* TASK TO COMPLETE *
Could you retype the lines below, starting at the line holding "Les alligators ont" and stopping at the line holding "uczestnicy rajdu rowerowego", inclusive? Copy them exactly and drop the images.

-*-

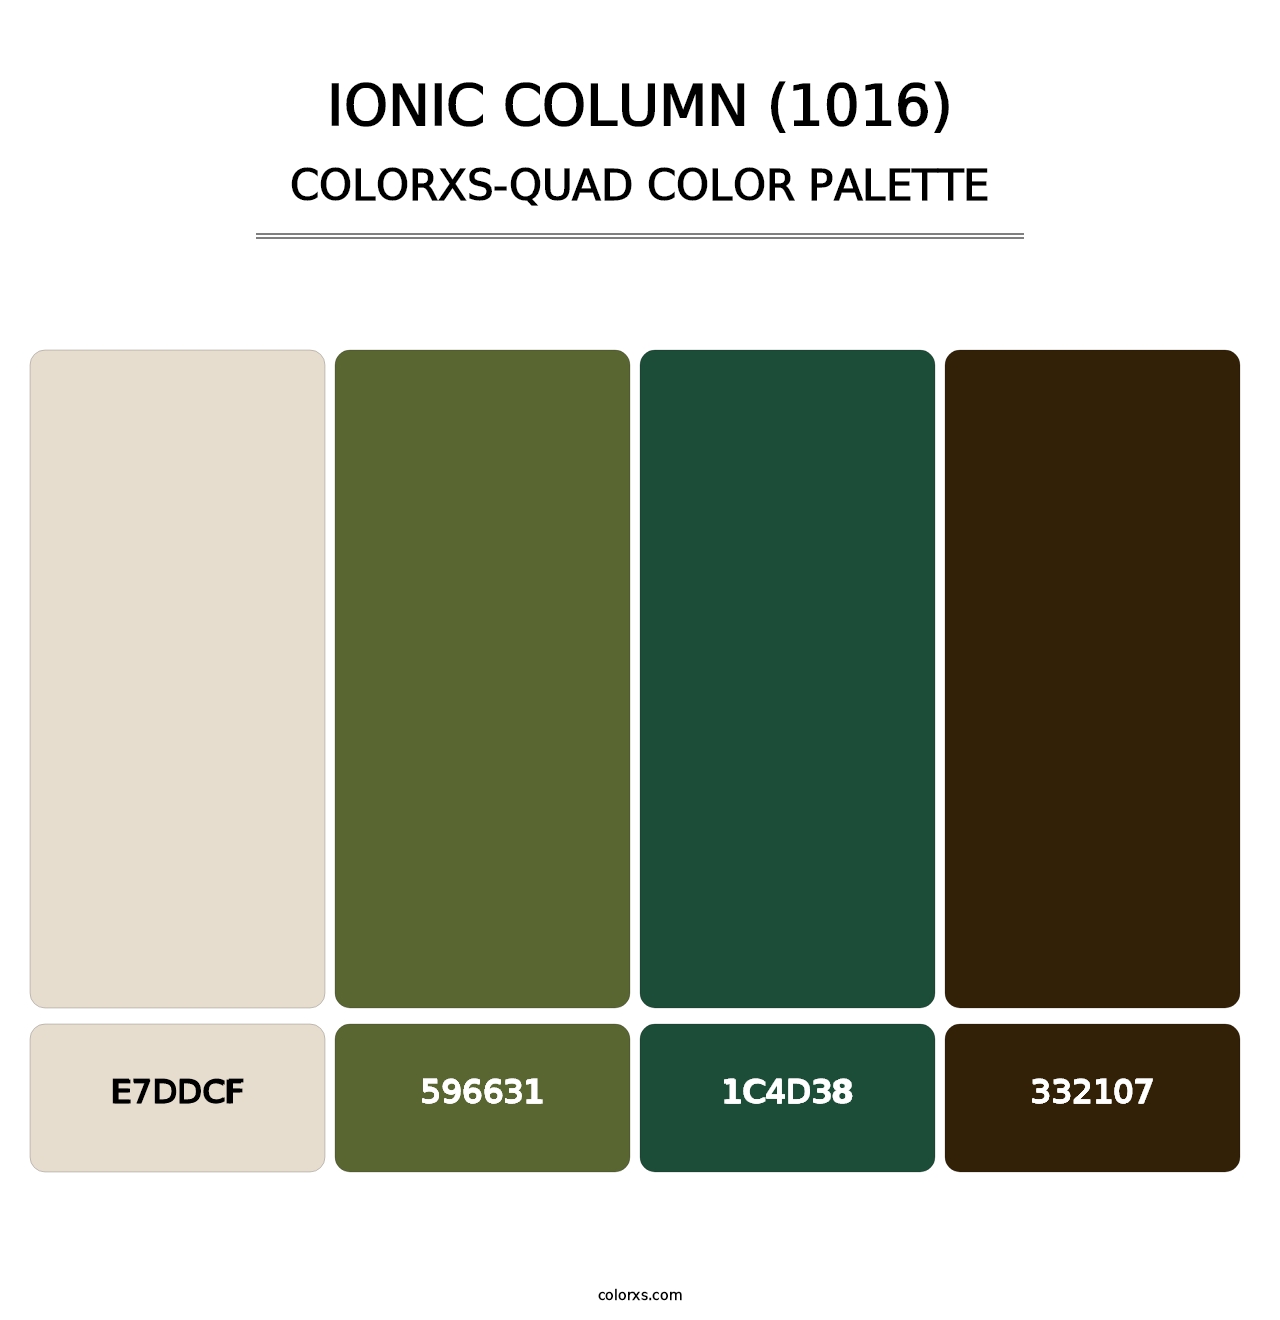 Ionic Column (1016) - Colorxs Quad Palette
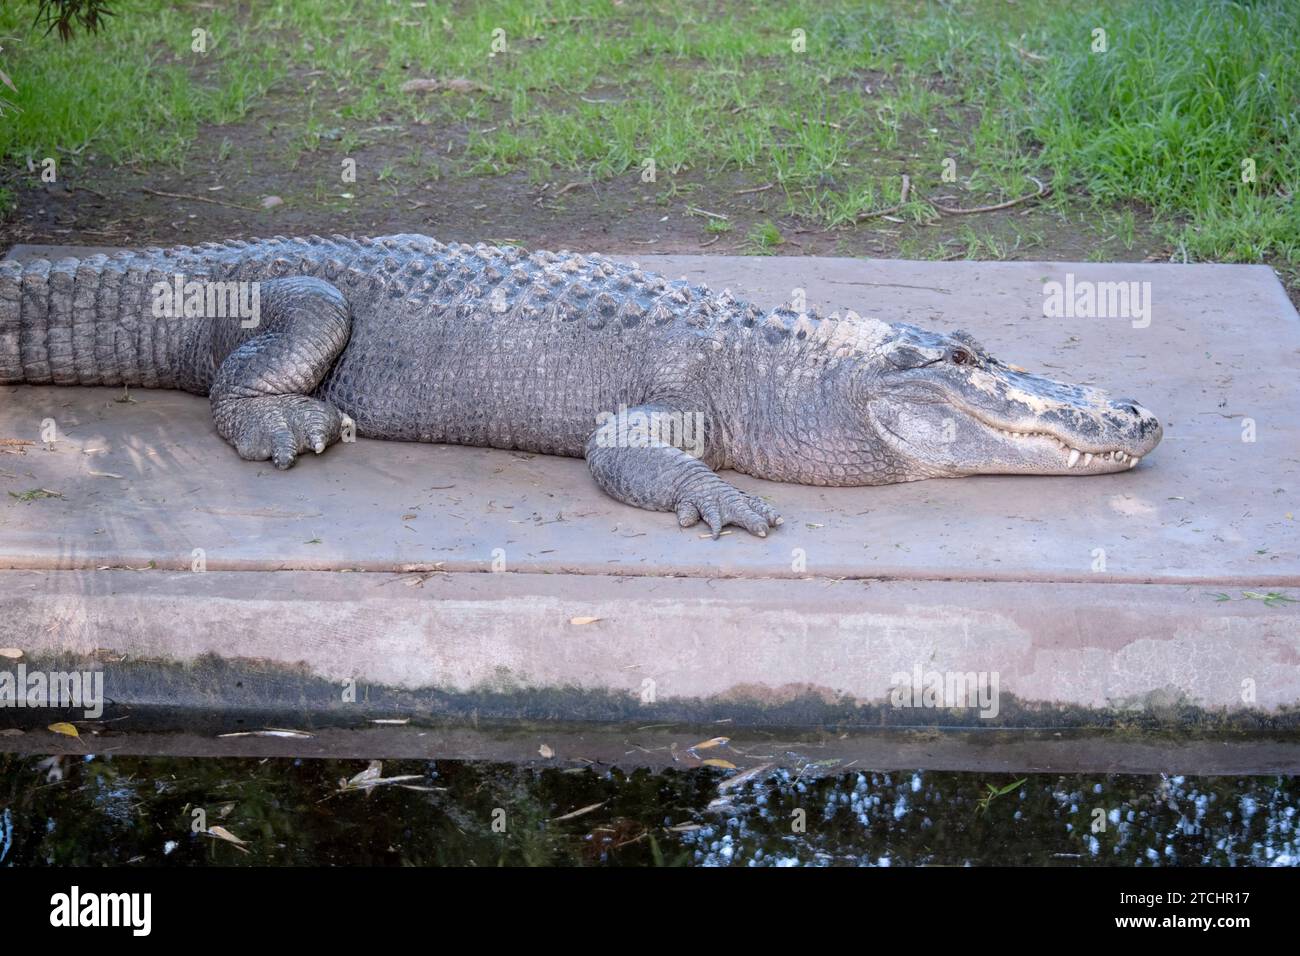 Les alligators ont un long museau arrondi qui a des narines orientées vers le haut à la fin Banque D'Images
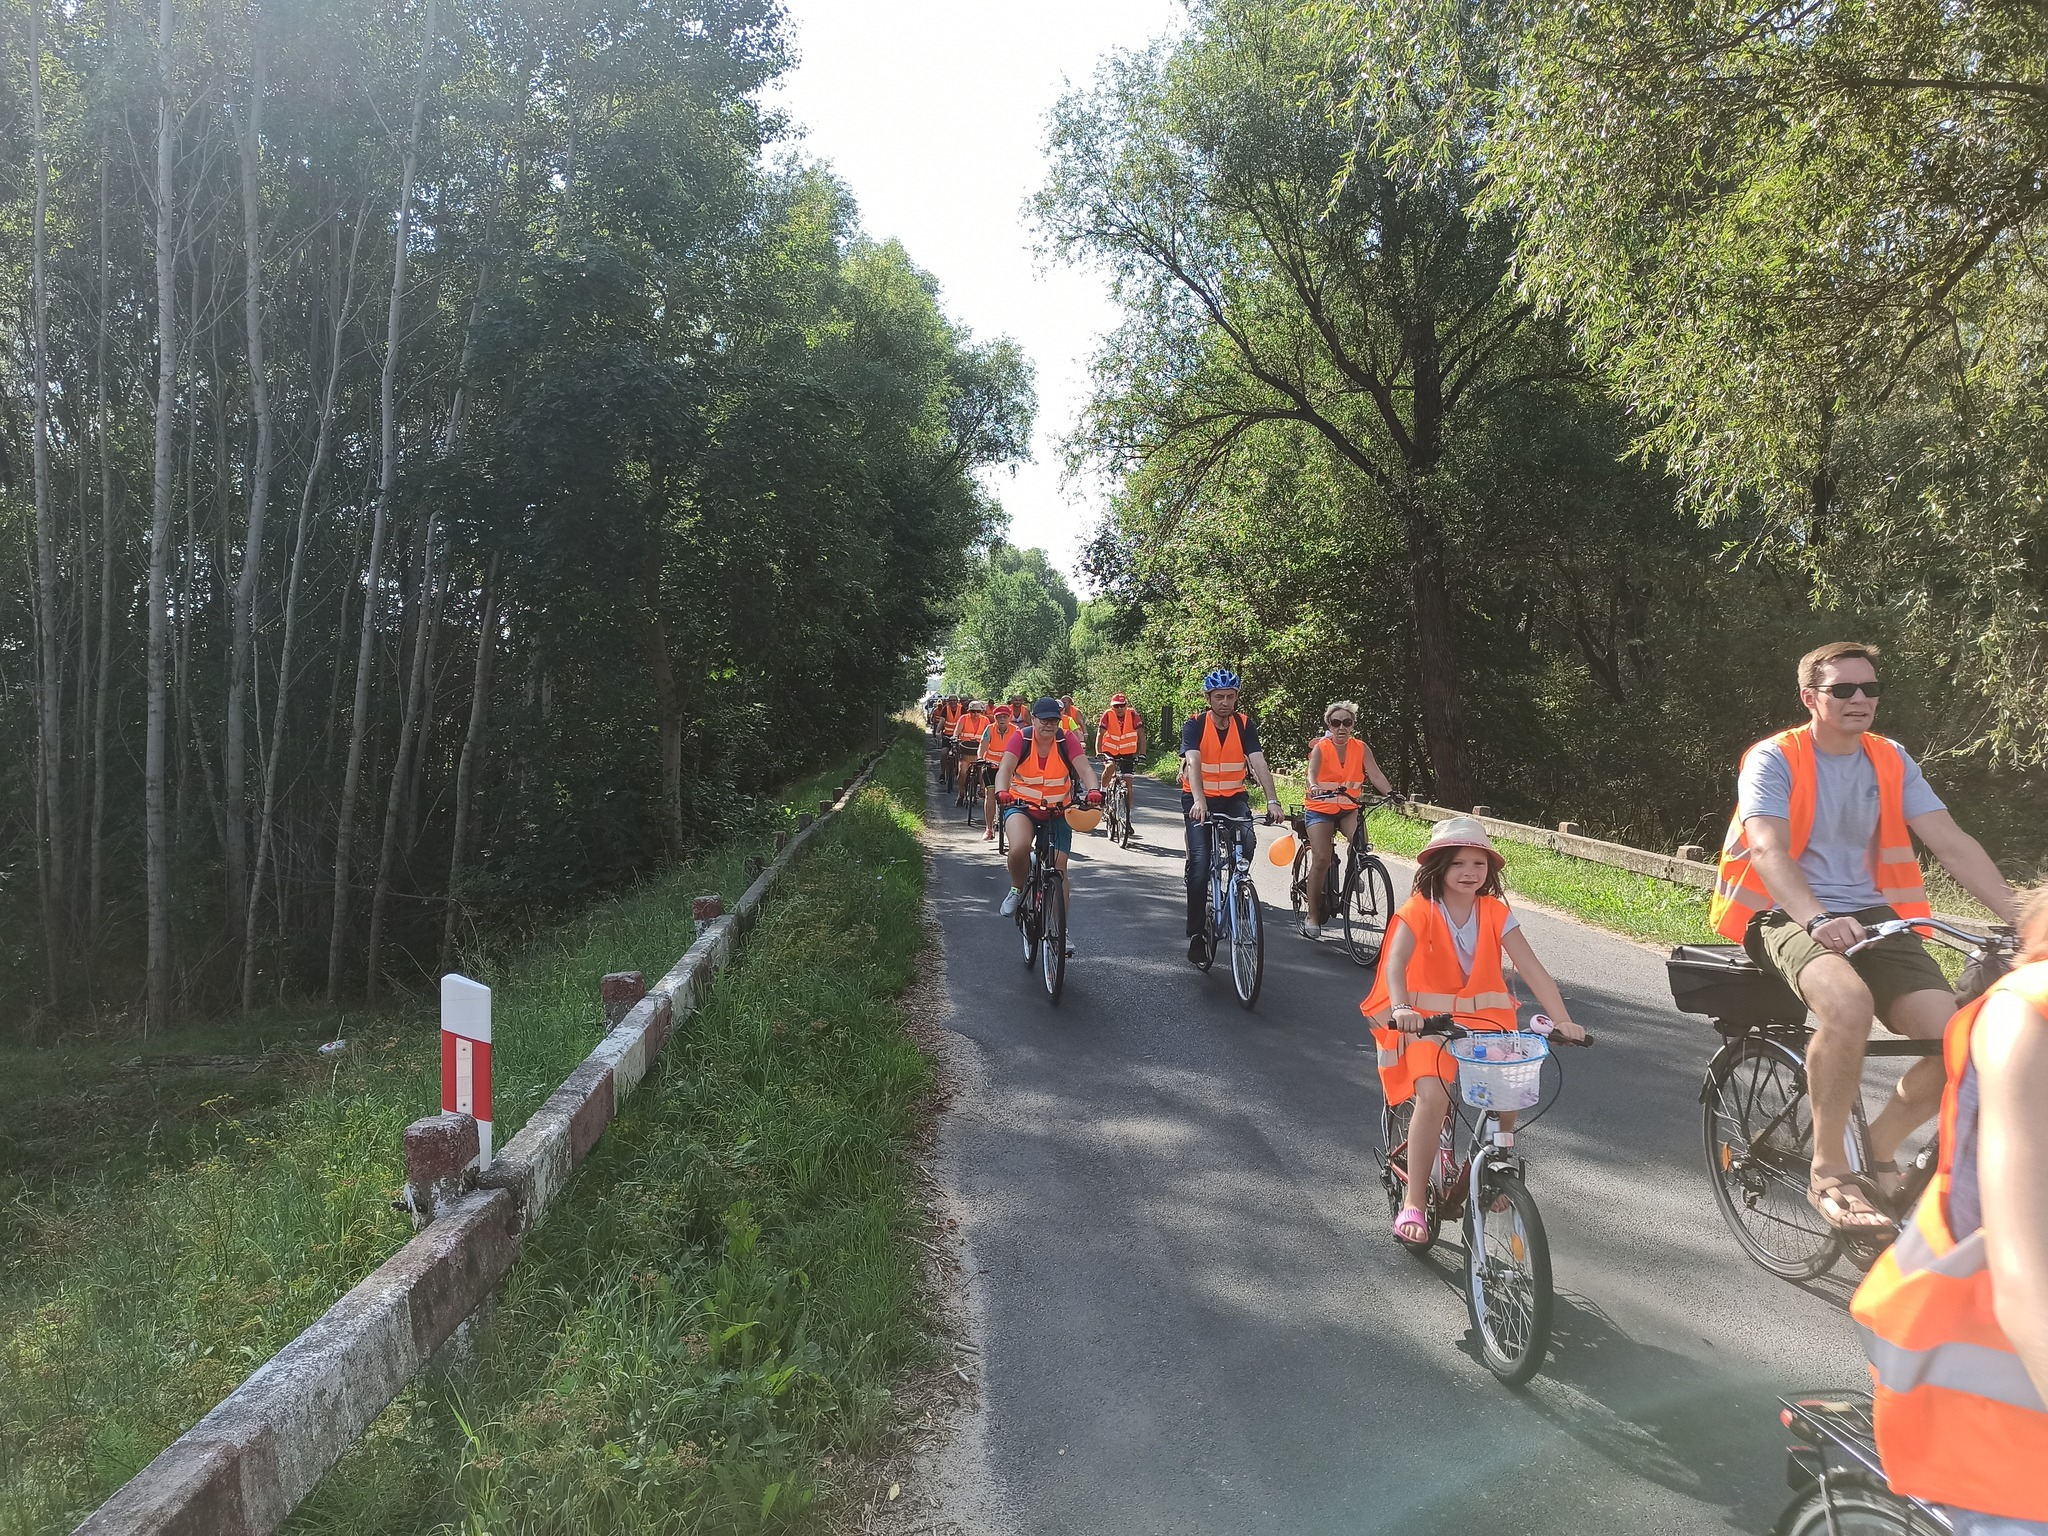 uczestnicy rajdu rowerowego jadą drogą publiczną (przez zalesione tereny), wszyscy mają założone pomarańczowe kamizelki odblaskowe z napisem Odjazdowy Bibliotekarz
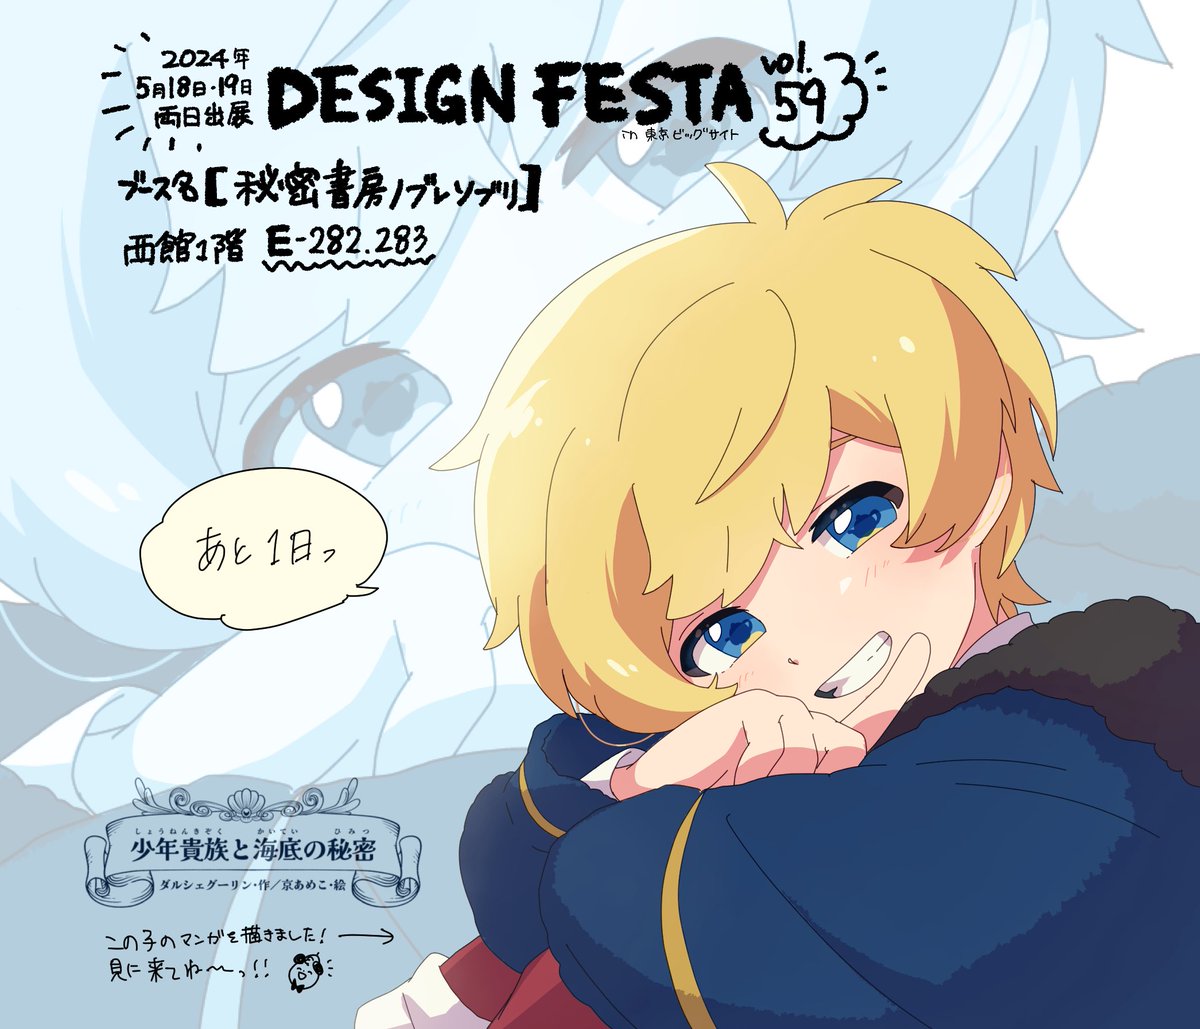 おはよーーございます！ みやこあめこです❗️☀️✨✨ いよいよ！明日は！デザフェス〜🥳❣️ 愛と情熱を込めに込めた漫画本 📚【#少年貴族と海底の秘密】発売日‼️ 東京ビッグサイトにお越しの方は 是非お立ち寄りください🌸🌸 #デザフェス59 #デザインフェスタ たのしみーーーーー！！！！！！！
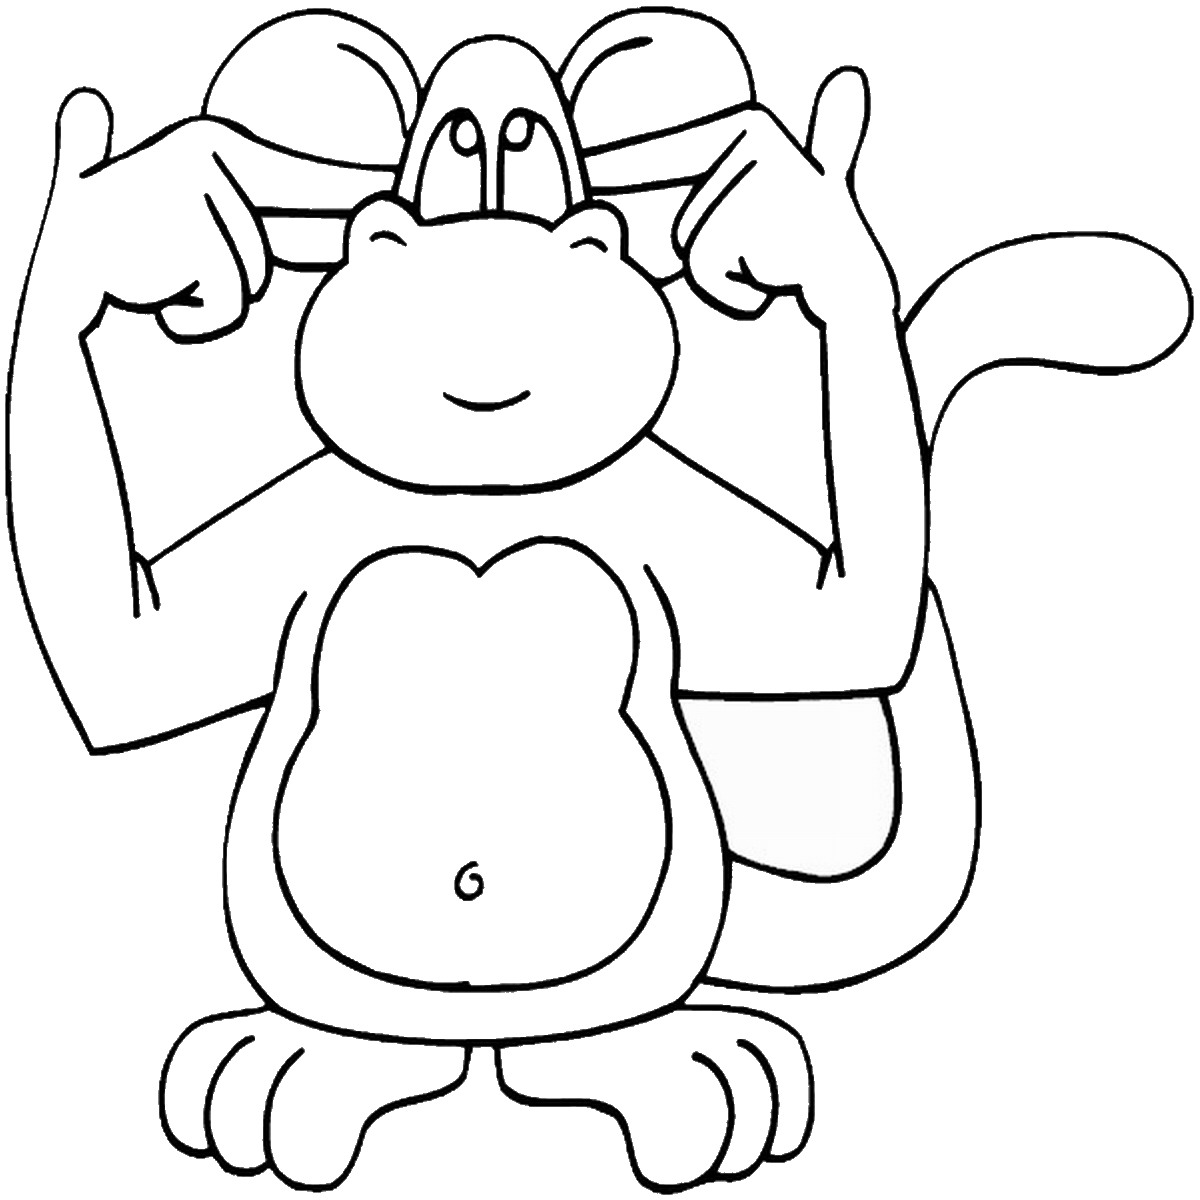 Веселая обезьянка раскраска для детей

-*-

* OUTPUT FOR THIS EXERCISE *
 Les alligators ont un long museau arrondi qui a des narines orientées vers le haut à la fin Banque D'Images
 uczestnicy rajdu rowerowego jadą drogą publiczną (przez zalesione tereny), wszyscy mają założone pomarańczowe kamizelki odblaskowe z napisem Odjazdowy Bibliotekarz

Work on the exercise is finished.